The emotional family members of nine women who have gone missing or were discovered slain along a stretch of road in northern B.C. known as the "Highway of Tears" are appealing to the RCMP to take action.

"We have to keep making noise to the government, to our justice systems, to anybody," Sally Gibson, whose niece has been missing since 1995, told a crowd of more than 500 on Thursday.

"We don't put up any fusses and you find that silence is acceptance. And we can't just accept this. We can't," Gibson said.

Since 1990, nine women have been murdered or disappeared along Highway 16, a remote 720-kilometre stretch of highway between Prince George and Prince Rupert.

Aboriginal groups, community leaders, politicians and police are in Prince George for the two-day conference to examine why women, most of them native, are dying or disappearing in the area and what they can do about it.

"If this happened in the United States, they would have a hundred officers, they'd have a task force and I think it's up to the politicians to get involved," said Tim Chipman, whose daughter vanished last December.

Lucy Glaim, whose sister is missing, called on the RCMP to undergo sensitivity and cross-cultural training.


"Even as late as 1998, an investigator came to my place of work and while questioning me, he asked me why I was crying," she said.

RCMP Supt. Leon Vanderwalle acknowledged that there were concerns about sensitivity.

"All I can tell you is Chief Supt. (Dick) Bent said we haven't always been great at it, but we're sure working hard to get better at it," Vanderwalle said.

RCMP Sgt. John Ward said the remoteness of the region where many of the women have gone missing makes it difficult to investigate.

"You are looking at a situation where a perpetrator looks for an opportunity, will see someone on a lonely stretch of highway," he said. "There are no witnesses."

The RCMP sought to reassure family members that police are responding to their concerns and will review at least 10 files.

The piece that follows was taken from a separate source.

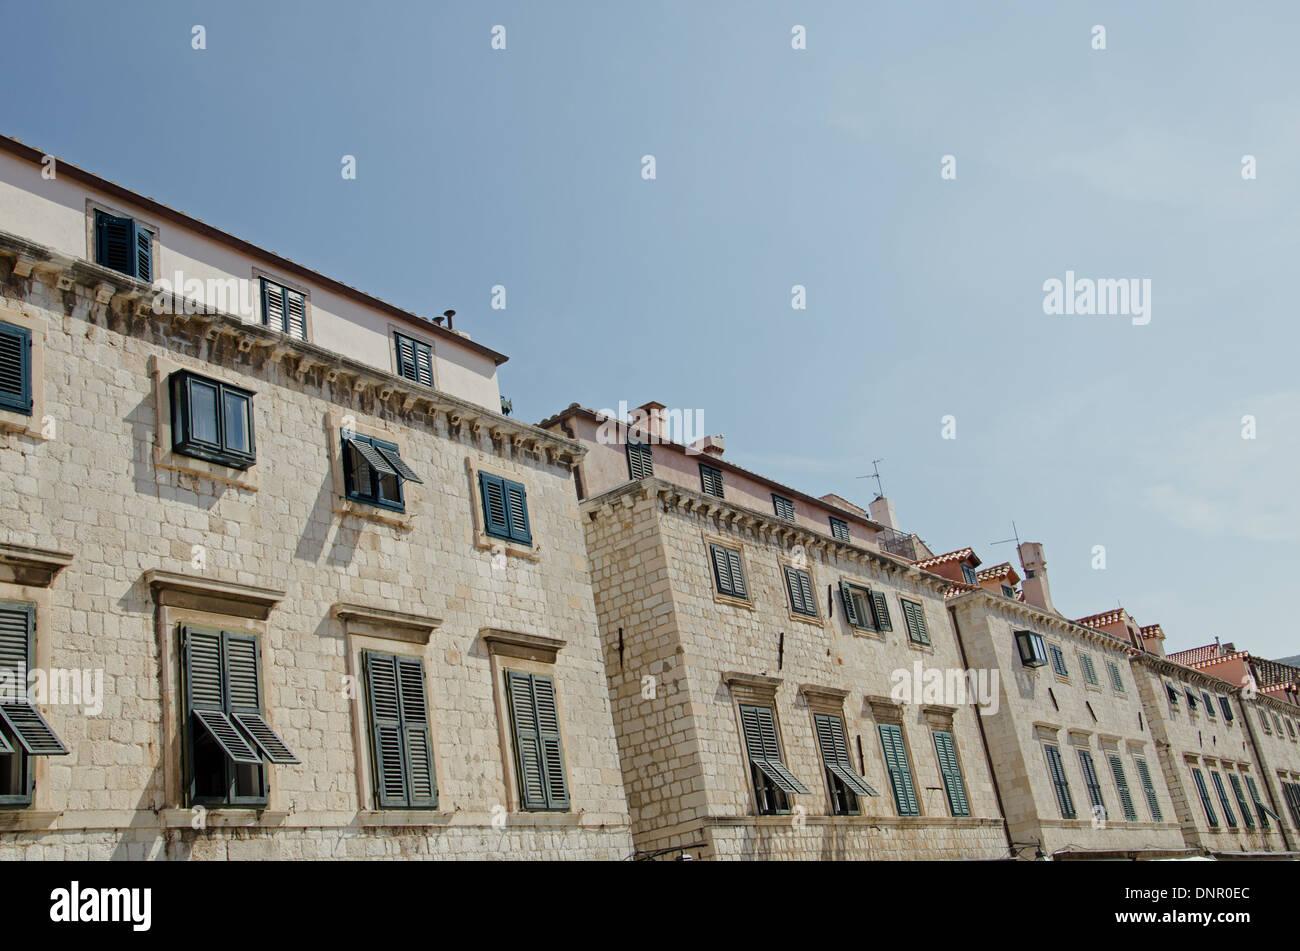 a facade in Dubrovnik - Stock Image
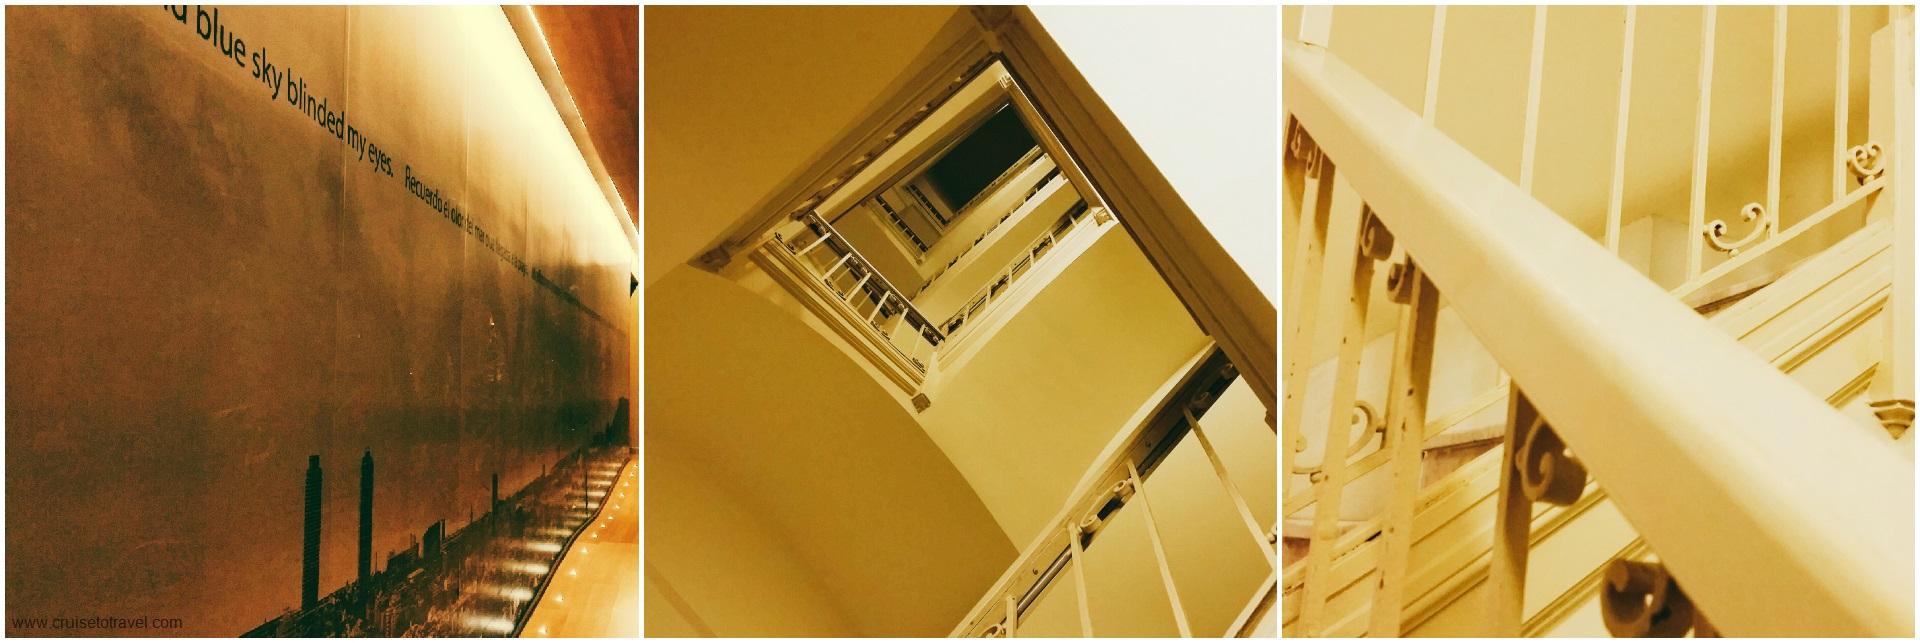 bcn hotel3

"Once we've finished gathering the material and entering it into the database, comparing it and what we call collating it, comparing it to each other, we will then start the review," Vanderwalle said.

"This will be done by eight skilled investigators, operating in isolation. This will be their only focus and their only job."

But Ward said it was still too early for police to conclude a serial killer is involved.

"We're looking at it with an open mind," said Ward.

Among the missing or dead women along the highway since 1990 are Saric-Auger, 14, Tamara Chipman, 22, Lana Derrick, 19, Ramona Wilson, 15, Delphine Nikal, 15, Roxanna Thiara, 15, Aleisha Germaine, 15, Nicole Hoar, 25. Only Hoar, who has been missing for four years, is not a member of the aboriginal community.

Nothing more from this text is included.